AVAILABLE RECORDS Block Start

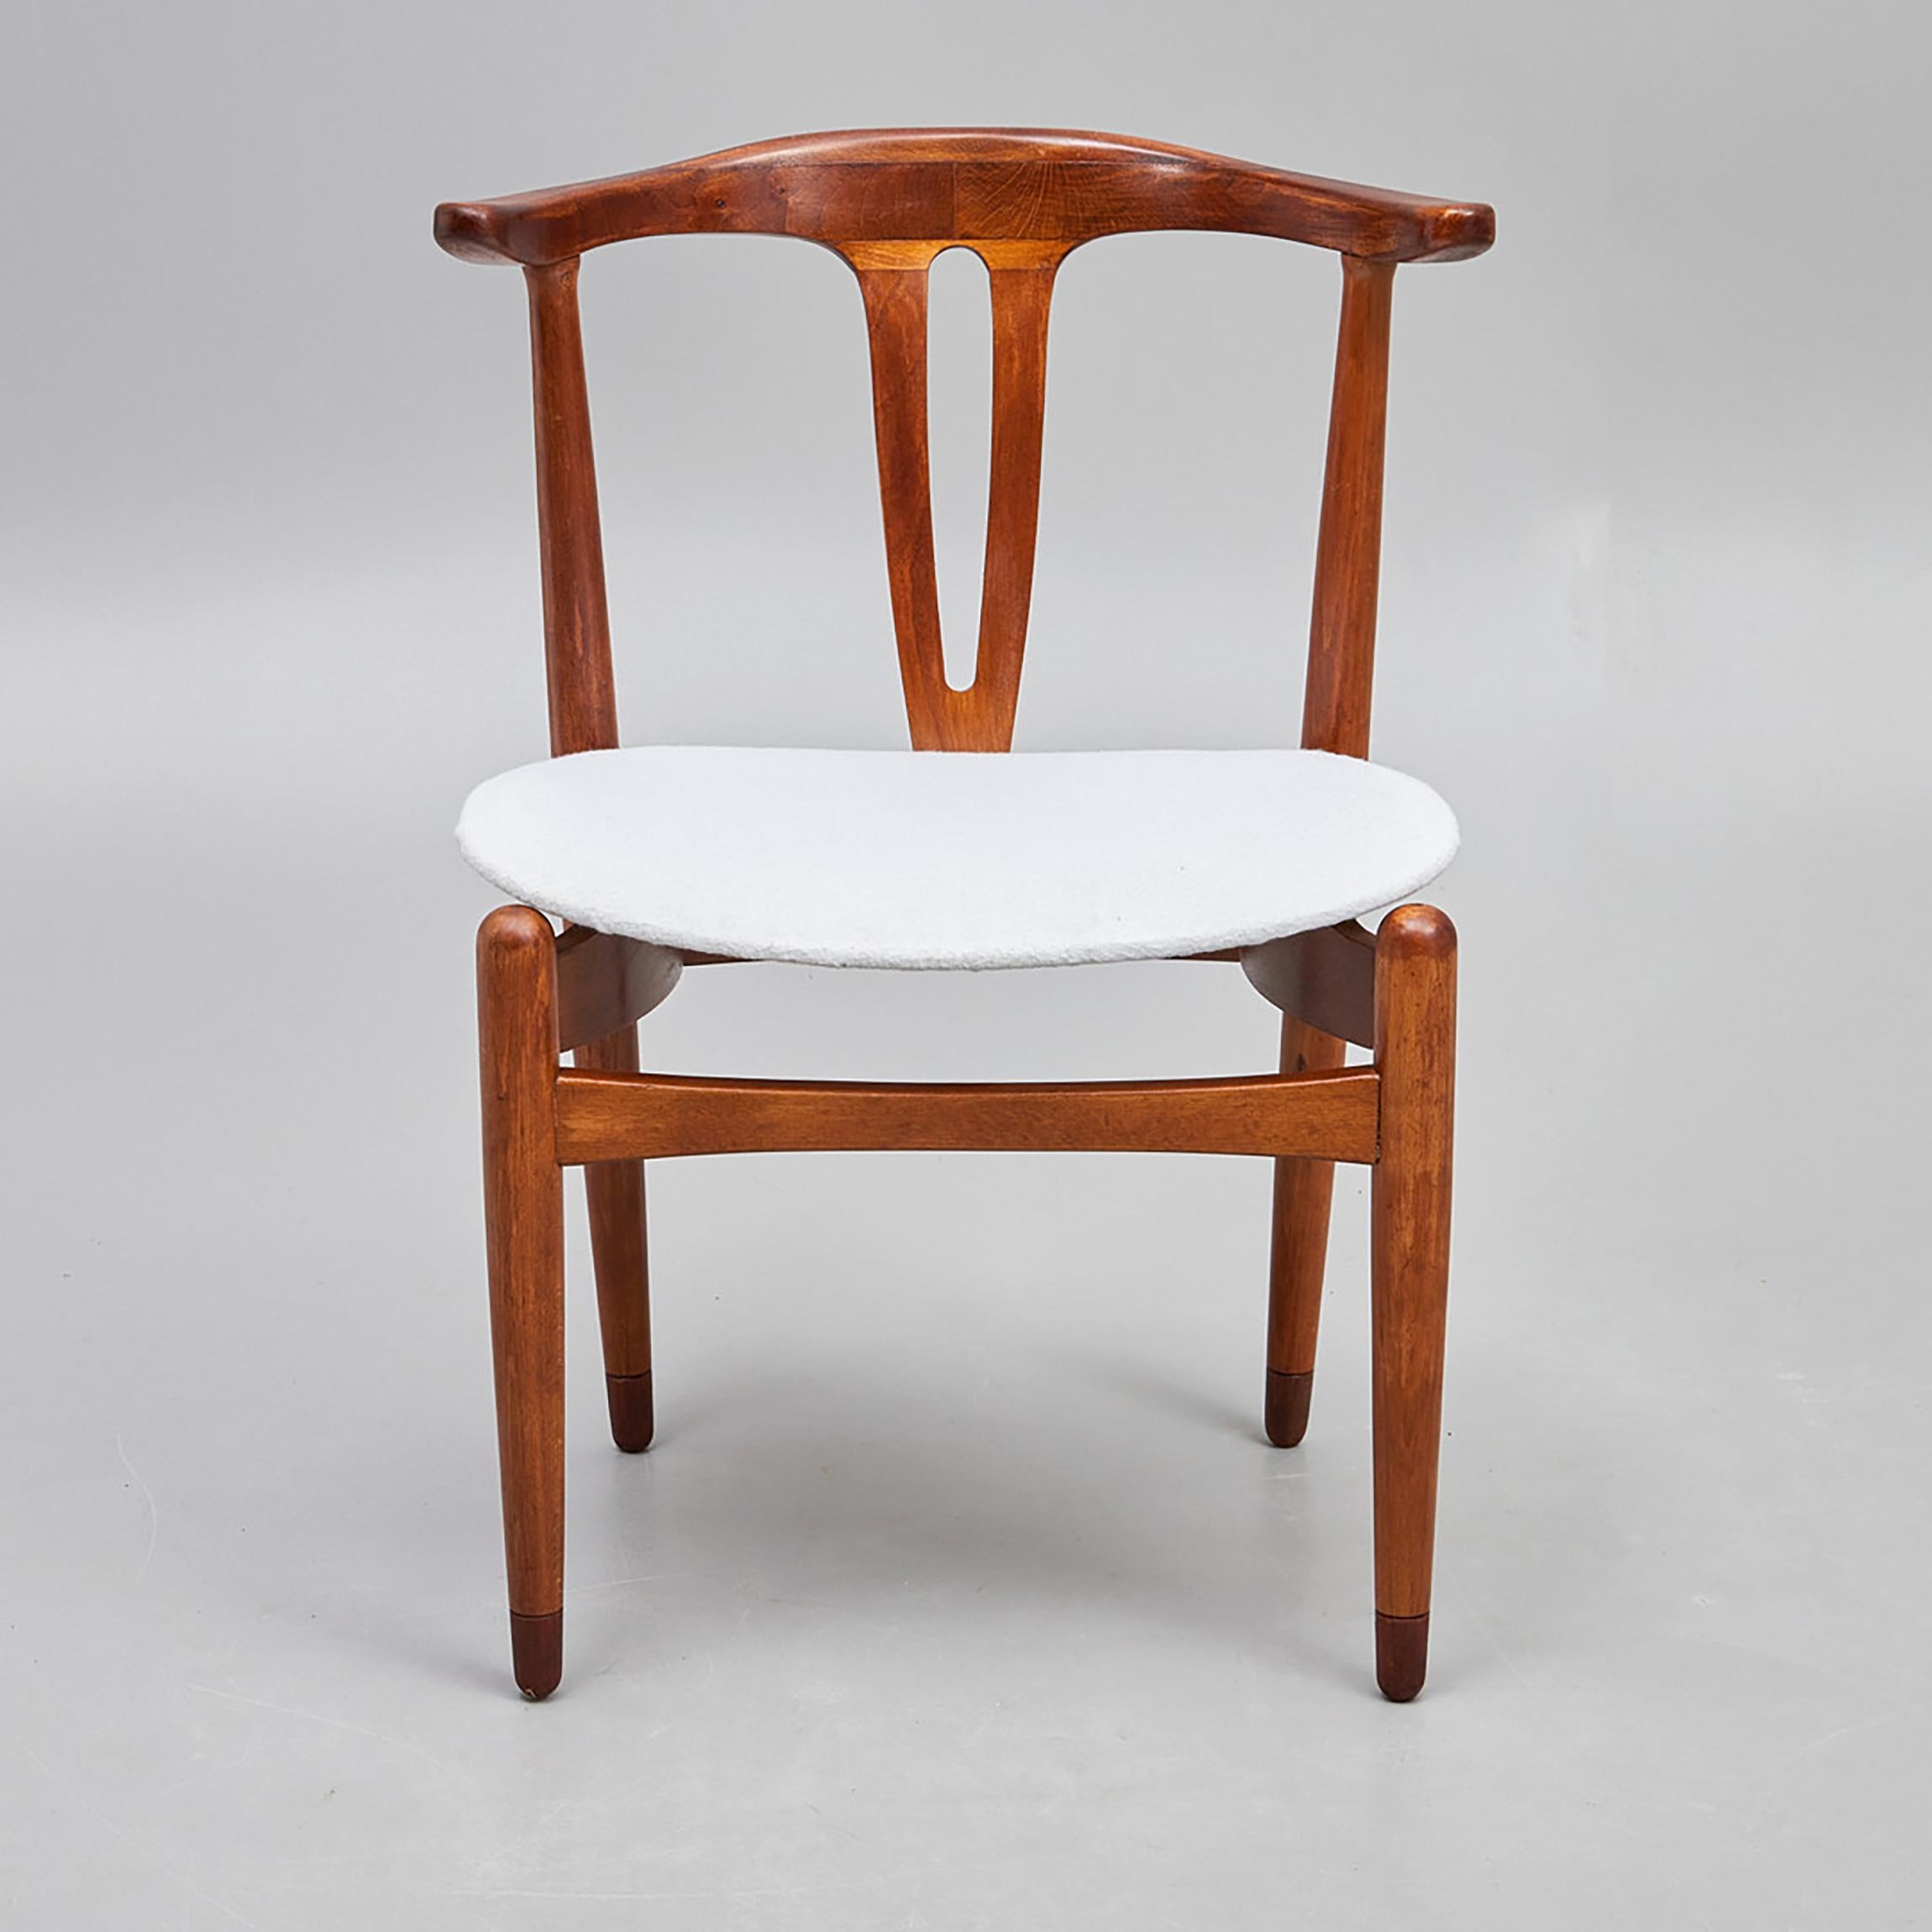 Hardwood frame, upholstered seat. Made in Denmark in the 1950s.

AVAILABLE RECORDS Block End
AVAILABLE RECORDS Block Start

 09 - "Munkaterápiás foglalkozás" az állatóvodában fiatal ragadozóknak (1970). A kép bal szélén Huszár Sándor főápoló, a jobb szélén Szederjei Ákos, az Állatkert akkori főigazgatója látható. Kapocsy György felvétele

AVAILABLE RECORDS Block End
AVAILABLE RECORDS Block Start

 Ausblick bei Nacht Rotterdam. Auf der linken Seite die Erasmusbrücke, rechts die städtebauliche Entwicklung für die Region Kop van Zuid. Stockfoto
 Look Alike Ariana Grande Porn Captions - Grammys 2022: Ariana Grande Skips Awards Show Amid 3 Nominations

AVAILABLE RECORDS Block End

**WORK REQUIRED**
The required answer is the exact run of lines above starting at the line with "Ausblick bei Nacht" and ending at the line with "Look Alike Ariana", with both ends present.

**REPLY TO THE EXERCISE**
 Ausblick bei Nacht Rotterdam. Auf der linken Seite die Erasmusbrücke, rechts die städtebauliche Entwicklung für die Region Kop van Zuid. Stockfoto
 Look Alike Ariana Grande Porn Captions - Grammys 2022: Ariana Grande Skips Awards Show Amid 3 Nominations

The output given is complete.